Certains dénoncent pourtant ces enquêtes préliminaires, arguant qu’elles vaudraient reconnaissance implicite de culpabilité, tout en privant les agresseurs supposés d’un procès où se défendre, ajoutant ainsi au lynchage public le déni de justice. Elles feraient une entorse aux deux piliers du droit que sont le respect des règles (qui commandent la prescription) et l’instruction des faits (inaccessibles après une trop longue période), que le motif d’une justice réparatrice ne saurait rédimer.

Le viol, un crime circulaire

Mais c’est négliger la nature particulière du viol dont la responsabilité échoit à la victime plutôt qu’au coupable. Ce qui a été vrai dans le passé et encore aujourd’hui dans certaines régions du monde, où la femme violée était automatiquement mise au ban de la société, voire punie, est vrai aujourd’hui partout où l’on soupçonne d’office la victime d’exagération ou de dénonciation calomnieuse, où l’on suppose l’imprudence, l’incitation voire le consentement implicite, où l’on conserve secrètement et parfois inconsciemment cette image de la femme tentatrice, aussi vieille que l’Ancien Testament.

C’est pourquoi le viol est un crime circulaire qui se prolonge indéfiniment dans la victime. La/le violé.e non seulement a été agressé.e dans la partie la plus intime de son corps, mais se voit occupé.e par la culpabilité d’un crime qui atteint le principe même de sa personne, de sa capacité à vouloir et à se définir. Le viol est le crime d’être soi. En effet, si la projection de la responsabilité d’une agression d’une telle violence sur la victime est possible, c’est que, contrairement aux autres crimes (crapuleux, raciste, d’honneur, etc.) le viol vise la personne dans l’unicité de sa singularité physique.
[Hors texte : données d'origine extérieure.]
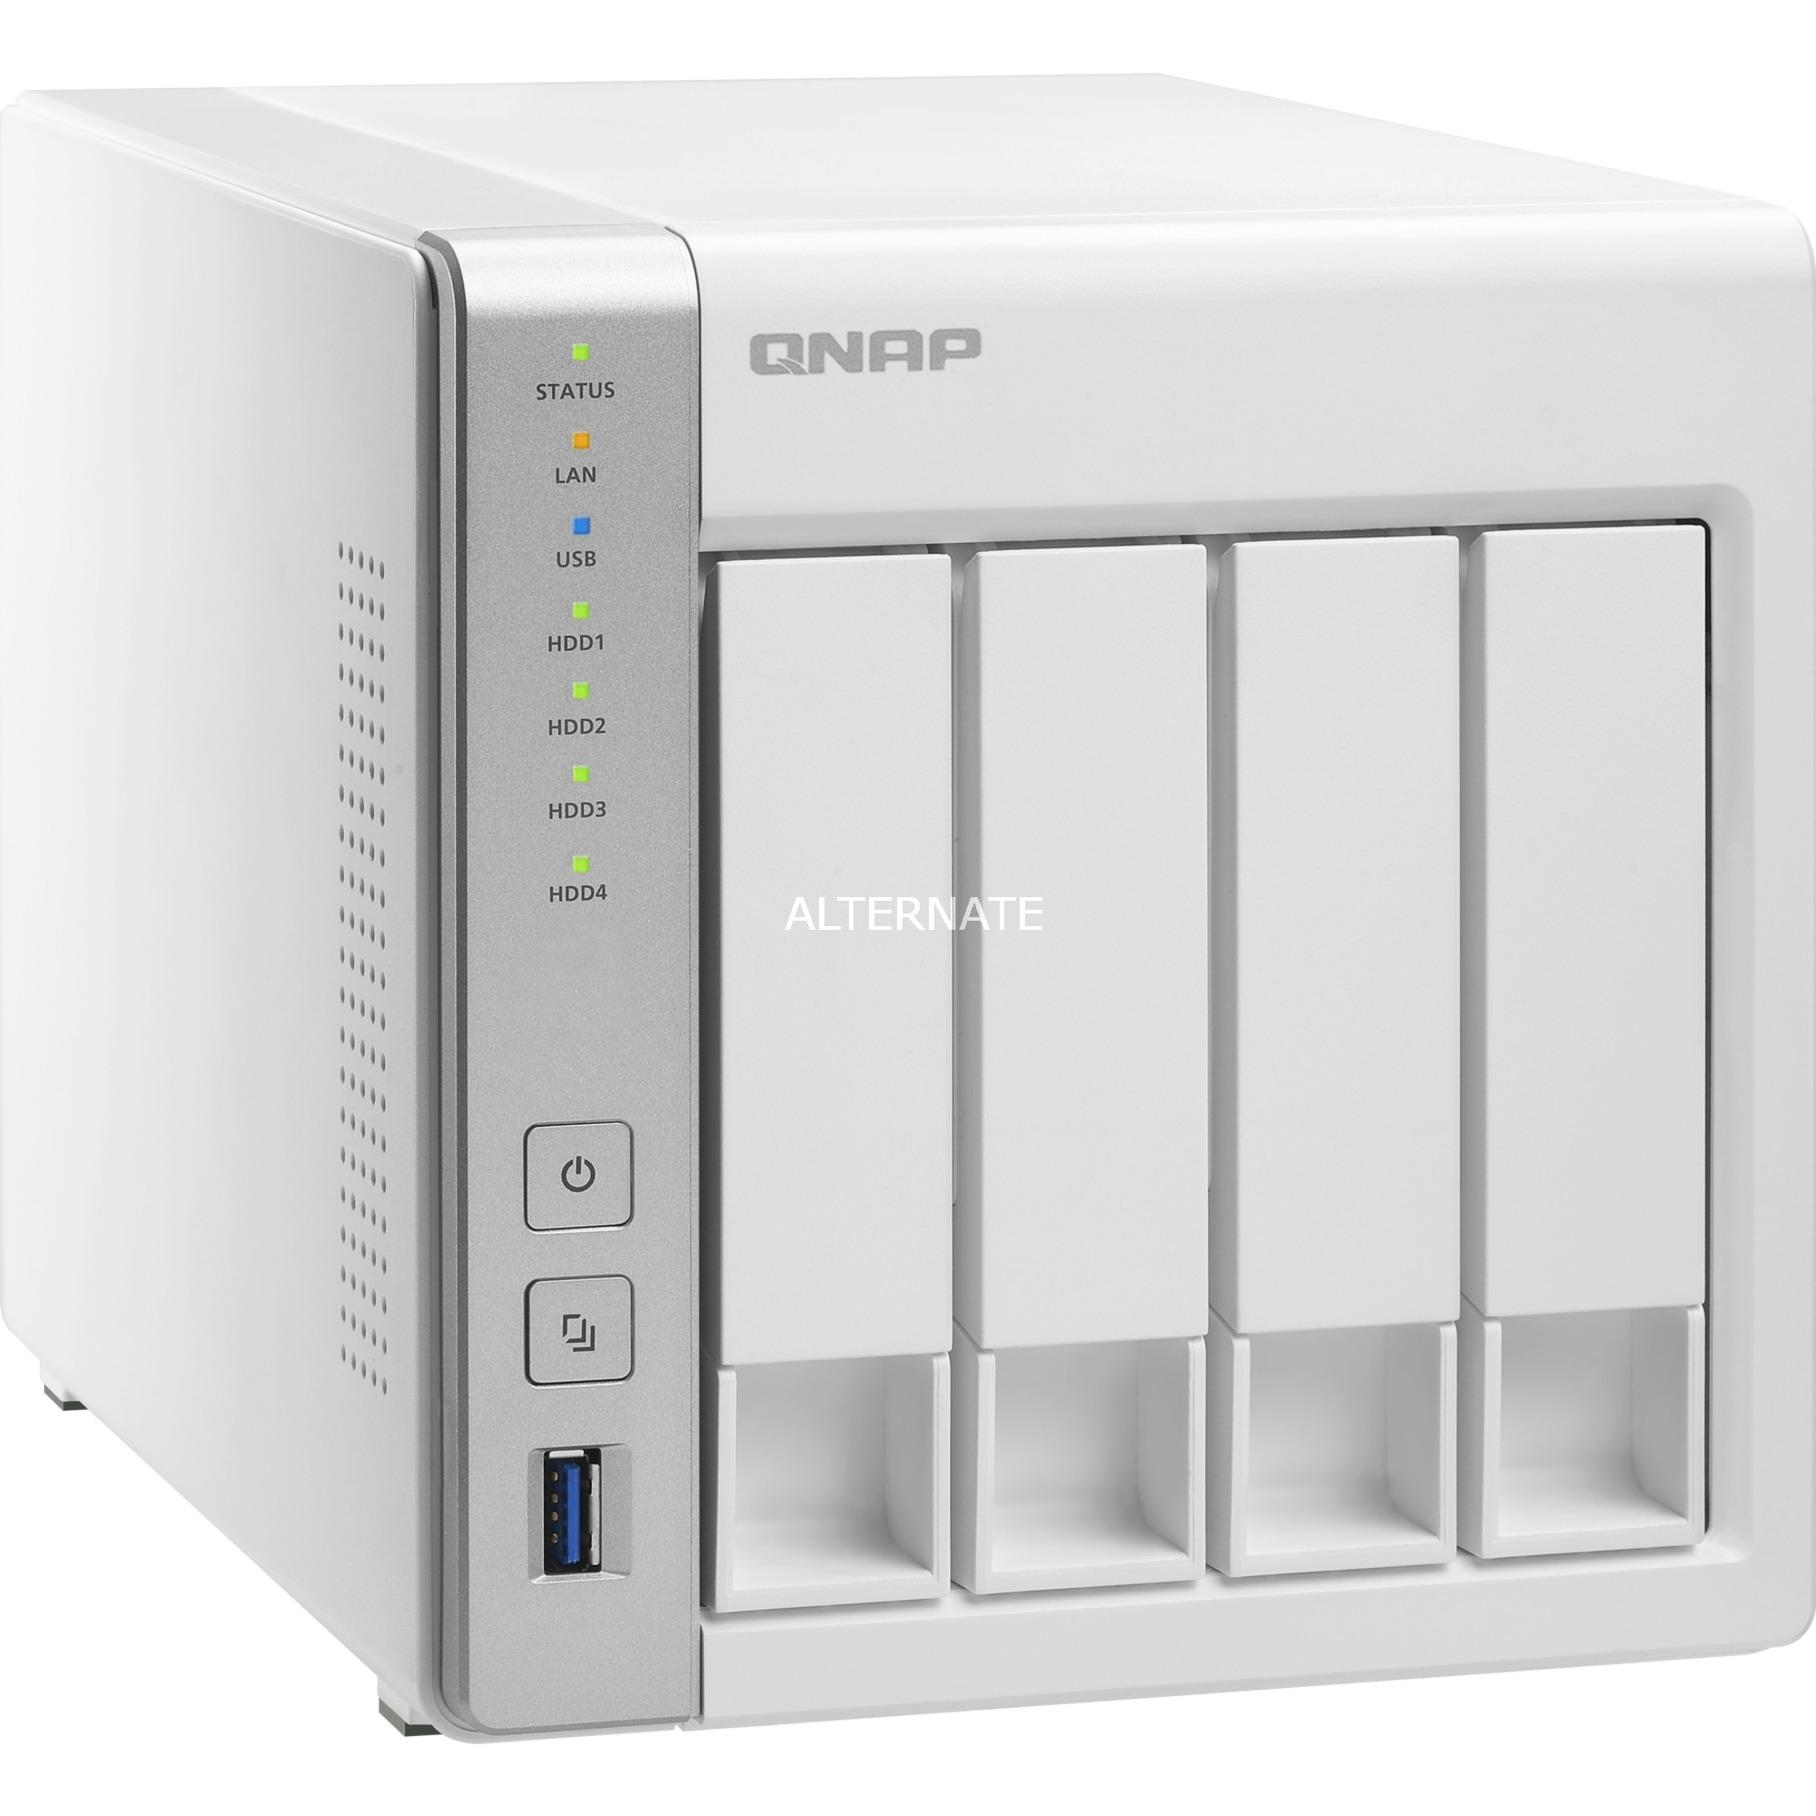 TS-431P NAS Torre Ethernet Blanco servidor de almacenamiento

Elle est la cause finale du viol — non son argent, ou son appartenance communautaire, l’injure qu’elle a commise, etc. C’est pourquoi l’onde de choc des violences sexuelles peut être illimitée dans le temps.

Plus encore, tandis qu’une violence atteint le corps de façon brutale, laisse souvent des séquelles et est compréhensible par tous, le viol est souvent insidieux (94% des violeurs sont des proches de la victime -enquête IVSEA, 2015-), et surtout pervers en prenant appui sur la vulnérabilité de la victime : son âge, sa dépendance ou sa subordination, son état alcoolisé, etc. Le viol est ainsi tout à la fois monstrueux et familier, destructeur et structurel, en fondant le crime sur la confiance, entremêlant amour et abus de faiblesse, consentement et extorsion, volonté de protéger l’autre malgré tout et honte de soi.

Contre l’imprescriptibilité, dire, c’est faire

C’est pourquoi il peut aussi être vécu comme un crime par collaboration, et rester bloqué à l’intérieur d’une personne qui ne parvient plus à discerner ce qu’elle a subi et ce qu’elle supporté.

Or ces enquêtes préliminaires énoncent le crime. C’est peu au regard de la souffrance passée, mais cela contribue à rompre son cercle. Dire n’est pas défaire, mais c’est faire. Le reproche d’atteinte à la réputation, dont « il restera toujours quelque chose » est spécieux car il peut s’appliquer à toute diffamation, et donc potentiellement à toute accusation. Le “tribunal médiatique” n’a d’ailleurs pas attendu ces enquêtes préliminaires. Qu’on se rappelle l’affaire Baudis.

Au final, ces enquêtes sans procès résultent moins de la faiblesse de magistrats sous influence que d’une institution judiciaire qui veut symboliquement contrebalancer le silence où les victimes de crimes sexuels ont trop longtemps été tenues. Au début était le verbe. Sachons en faire bon usage pour permettre de nouveaux départs.